Sneaking a little peak into David Whyte’s essay on “Naming,” I see that he suggests that we name things in order to control them. I hadn’t thought about it that way, but giving something a title does suggest some kind of mastery.
When I named my children, I wasn’t looking for control, but I certainly examined every other aspect. A good name had to have a shortened version, I thought, for when they were young: a version for snuggling and teasing and playing. A child’s full name should have lots of syllables. When angry or frustrated, calling out the entire name, one emphatic syllable at a time, is much like counting to ten before reacting. It gave me, and the offending child, a moment to think.
I believed their names ought to be something that would adapt well to any situation. So that, if they grew up to be doctors, or lawyers, or the president, for heaven’s sake, the name would hold up to the position. There were no “Bill”s or “Tom”s serving in the highest office of the land! This was before Jimmy Carter tossed that theory out the window. The names of my children would stand up to any possibility, because I believed they would be capable of anything.
Names should not be mock-able. My daughters would take on an unusual surname; there was no choice in that. We were careful, though, to avoid rhyming sounds or alliteration. We considered “Rebecca,” but balked because the shorted version would be Becky. Becky Bonesteel was not a good sound.
Names ought to have a solid and dignified history. Other people that carry the same name can influence how that child is perceived in the world. Which is probably why Adolf is such an uncommon moniker.
I loved the name Jennifer. Misgivings came from one girl – not in my grade – from elementary school, named Jenni, who wore raggedy clothes. They were over-ridden by another child called Jennifer, who was always clean and neat and had beautiful long dark braids. My husband and I saw the movie, Jenny, starring Alan Alda and Marlo Thomas. I loved Marlo Thomas, too. So, Jennifer was the name chosen for my first child. For her middle name, I chose Marietta. Sister Marietta was my fourth grade teacher, as kind as she was beautiful. Jennifer Marietta. Jenny.
Such an exceptional, successful name added pressure for meeting all of the same requirements when choosing a name for my second child. Just to make it even more difficult, I decided that the number of letters in the shortened version should match up, and that the number of syllables should be the same. Of course, the influences should be just as strong, and all of the rules about dignity and mock-ability still applied.

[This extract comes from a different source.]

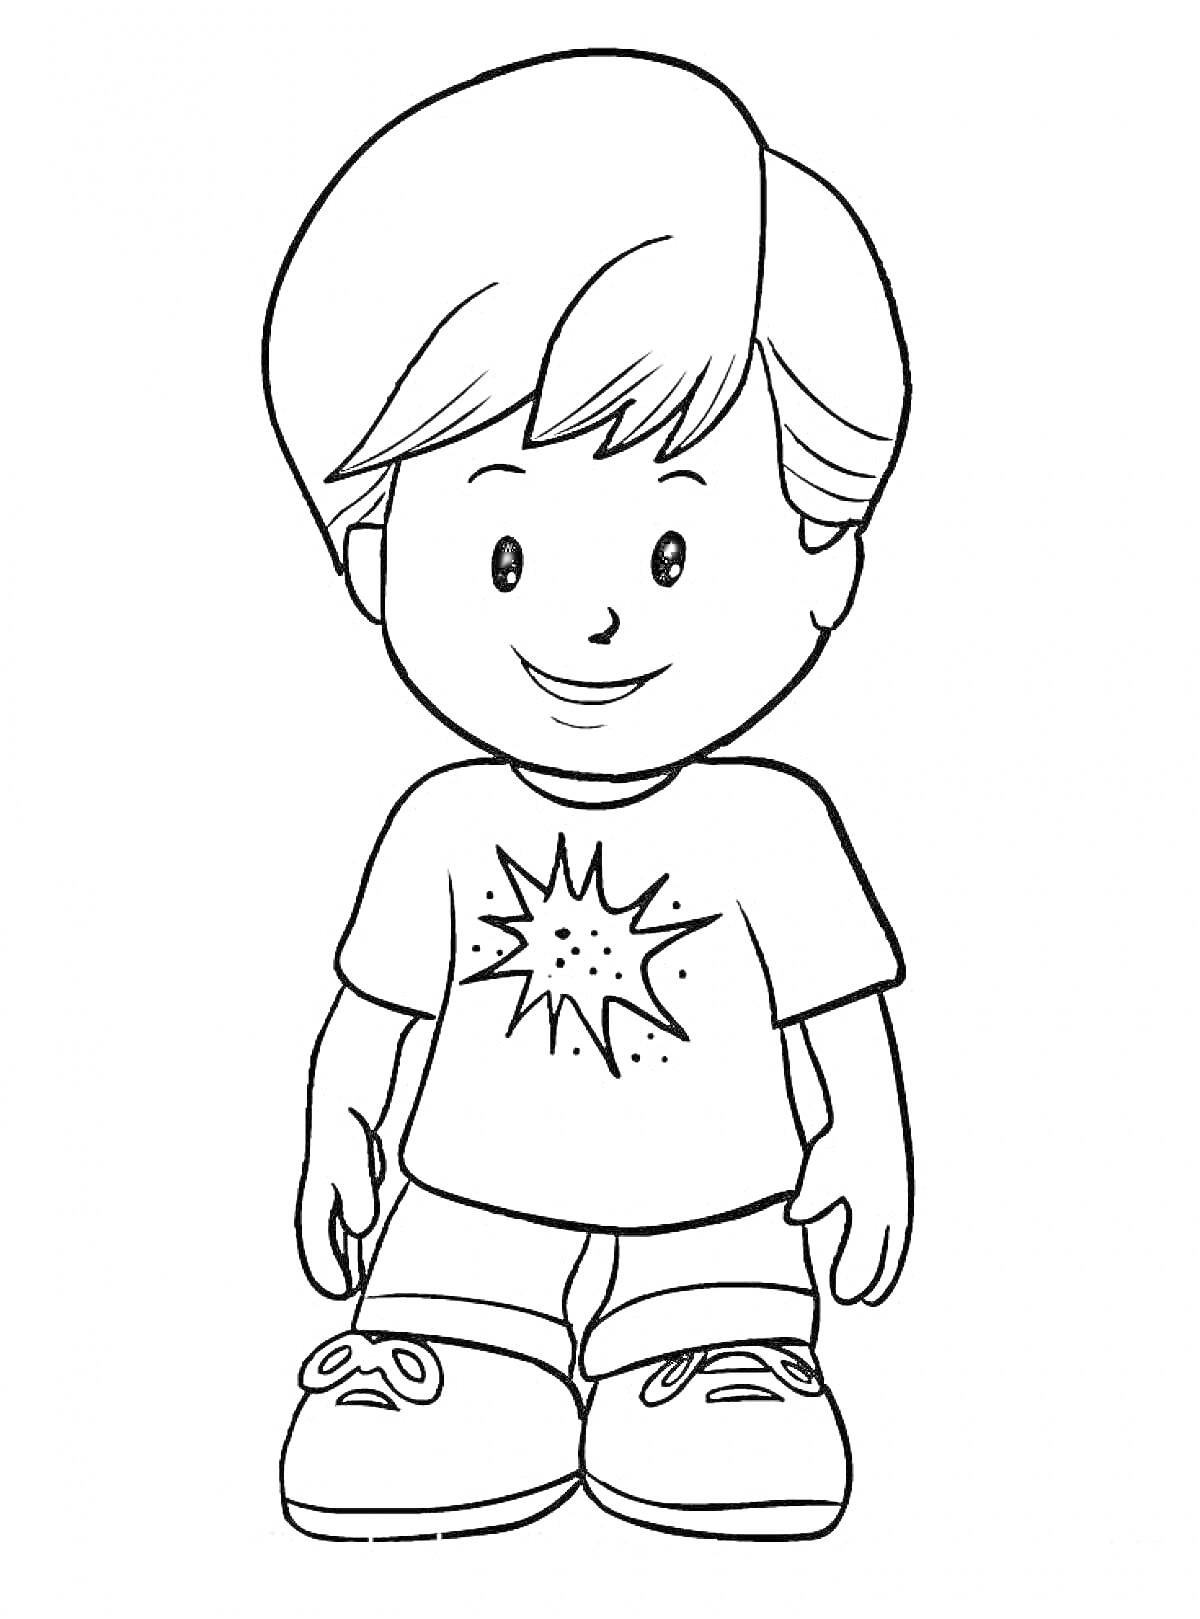 Раскраска Мальчик с короткими волосами в футболке с рисунком звезды, в шортах и кроссовках

Katherine Hepburn was one of my favorite actresses. I’d seen most of her movies and loved them all. She was funny, but strong; she never played the fool. She seemed ahead of her time. Katherine was also a family name. My Aunt Katie was named after her grandmother, so it went way back, in my family. Actually, my aunt was named after both of her grandmothers, Katherine Elizabeth. And, after months of torturous experimentation with baby name books, trying out every other possibility for a middle name, we came to the conclusion that no name complimented Katherine as well. A regal name; a name with history; a perfect name for my second daughter. Katherine Elizabeth. Katey.
Now, as adults, they have both gone to using one-syllable names: Jen, and Kate. Sometimes I wonder if their names had nearly as much influence in their lives as I imagined they might. Choosing their names, though it seemed of utmost importance at the time, probably had much less to do with the adults they have become than a million other decisions I made along the way!

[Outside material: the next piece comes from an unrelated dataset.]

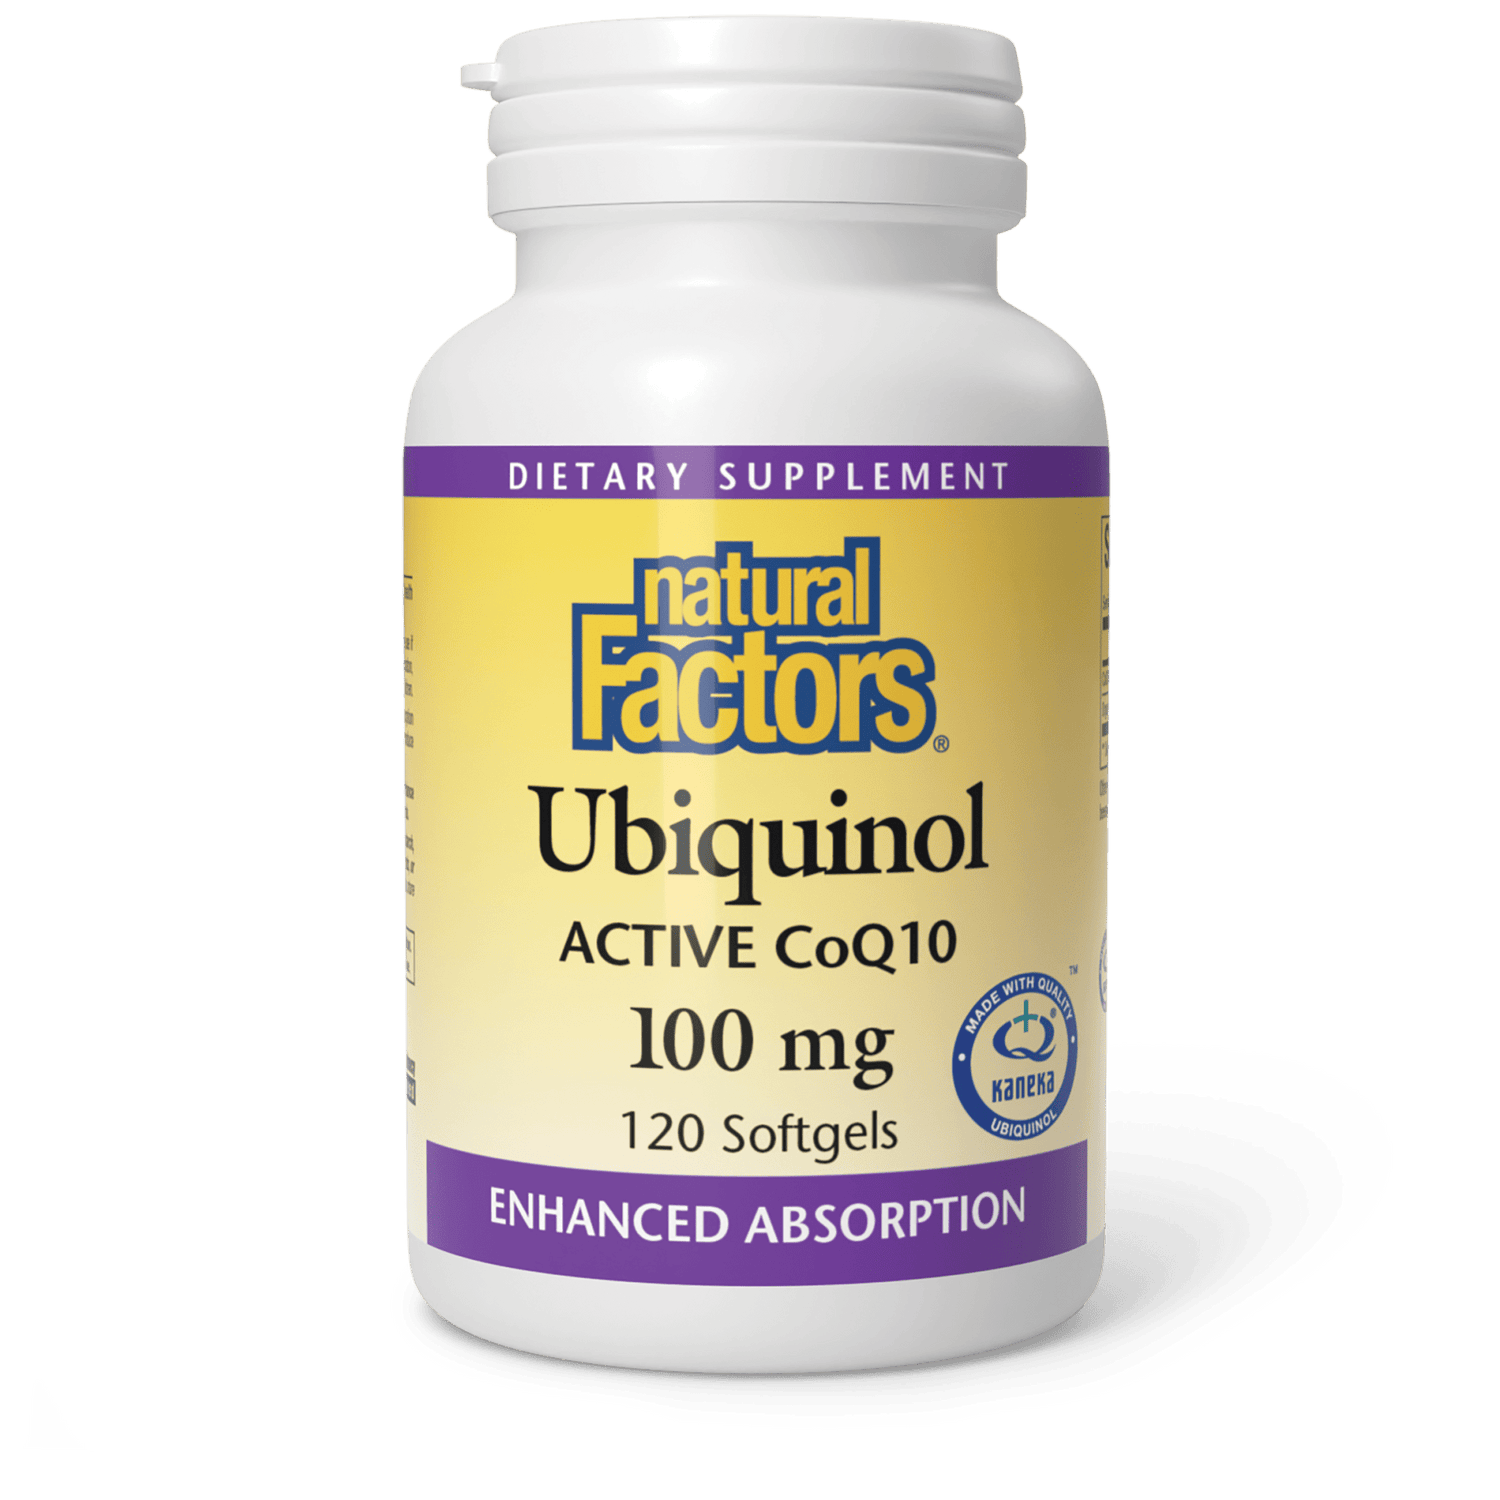 Ubiquinol Active CoQ10 for Natural Factors |variant|hi-res|20728U

Today, I love the fact that Blackie Chan is feeling better, after a scary long day and all through the night when he was not doing well at all. Yesterday, I had one of his prescriptions filled. The little dog needs one of these pills in the morning, and one at night, every day, along with two other types of medicine. Usually, I get thirty tablets at a time.
Since I am no longer working at the hardware, which is owned by the veterinarian, it is a little more difficult having prescriptions filled. Blackie Chan will need these pills for the rest of his life. With his congestive heart failure, it is, in fact, the medications that are keeping him going. He’s been doing well, so yesterday, I asked if I could get a double prescription, so that I would have enough for a month before I had to get it refilled.

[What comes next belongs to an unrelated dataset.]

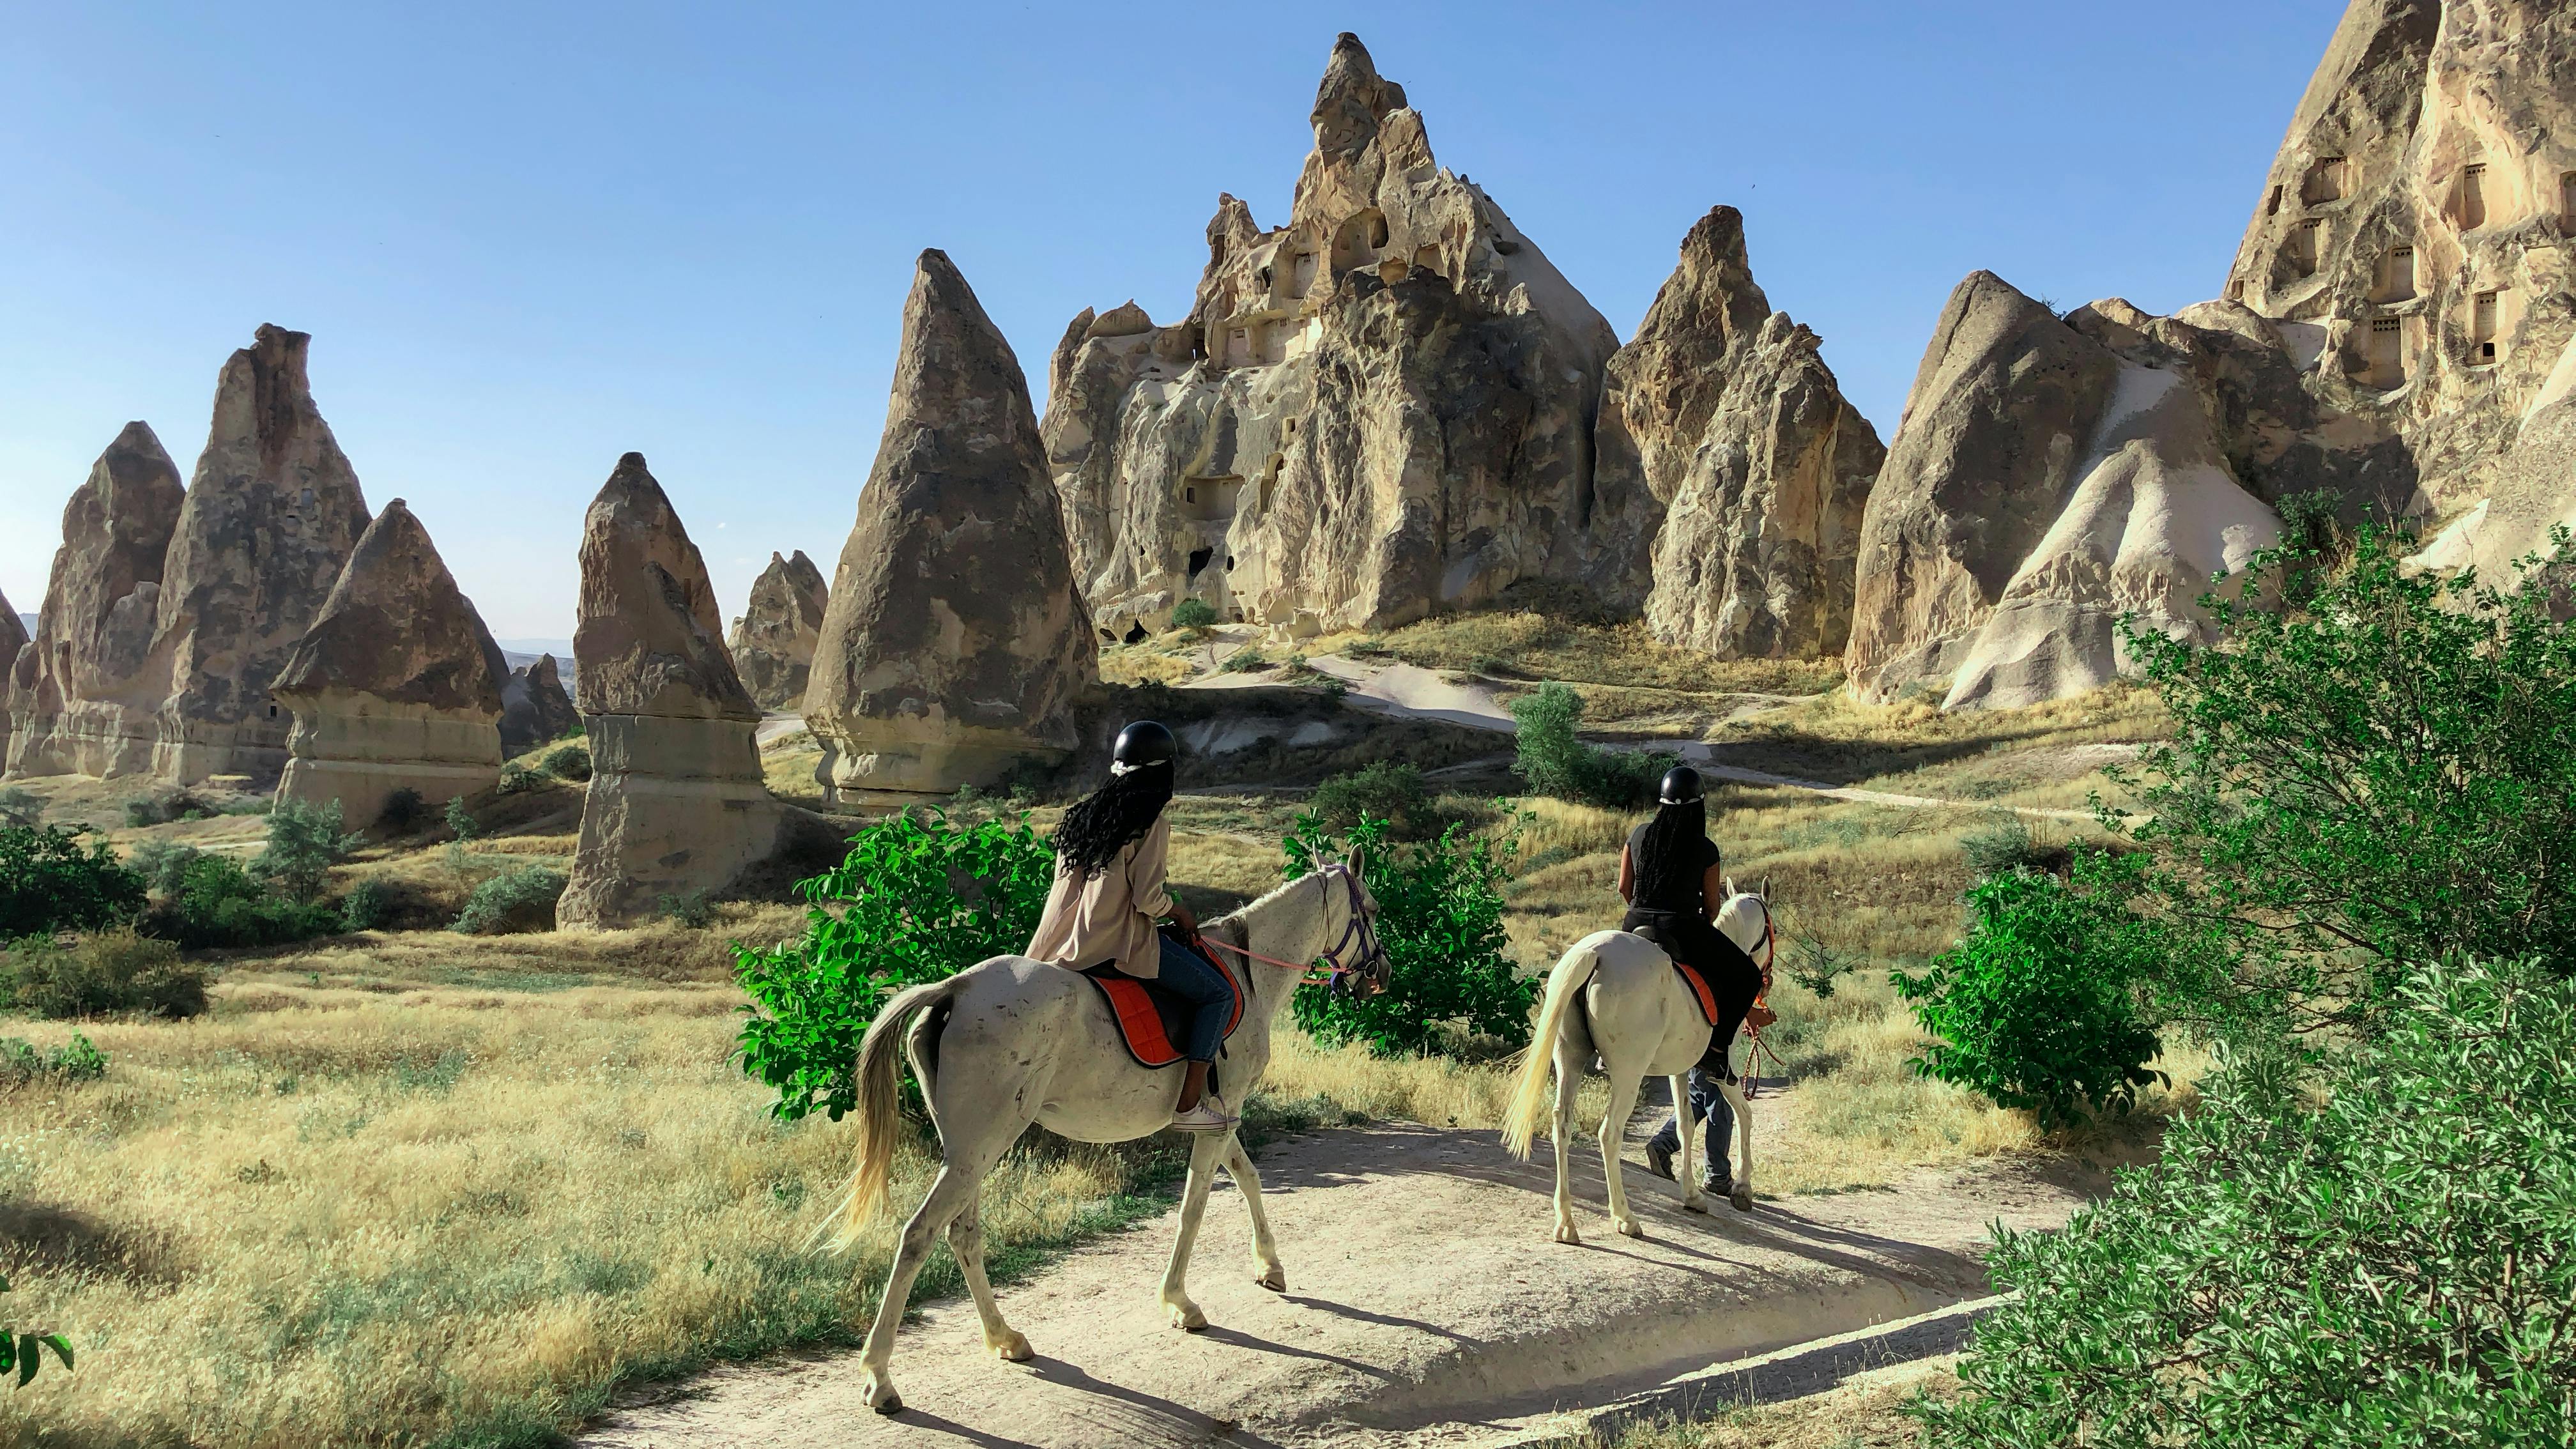 Horse riding experience in Cappadocia's valleys

I came home with a double dose of heart medicine, only to find that Blackie Chan was extremely under the weather. He wasn’t on his feet, wriggling, wagging his tail, and barking out a greeting, as he does every day when I come home. He showed only a little enthusiasm when I picked him up, and he clearly wasn’t feeling well. He went outside with the other dogs, but was not up for a walk. He was uninterested in treats, and he refused his dinner.
When I drove cars that were less dependable than the one I have now, I used to abide by quite a few superstitions about how to keep them running. Never fill the tank up with gas, never buy all new tires, and, god forbid, never take it through the car wash, because, sure enough, as soon as I’d invested that much time or money into a vehicle, disaster would strike. There I would be, on the side of the road with a blown engine, a damaged tie-rod, or a broken axle on my shiny car, wishing I had the money back that I’d just put in to the gas tank.
That occurred to me yesterday, as I stashed a full month’s worth of medication, and wondered if Blackie Chan would make it through the night. But, this morning, he woke up feeling fine. He took his medicine without hesitation, and accepted treats when he came in from outside. He won’t be around forever, but I’m loving the fact that, for now, he’s okay.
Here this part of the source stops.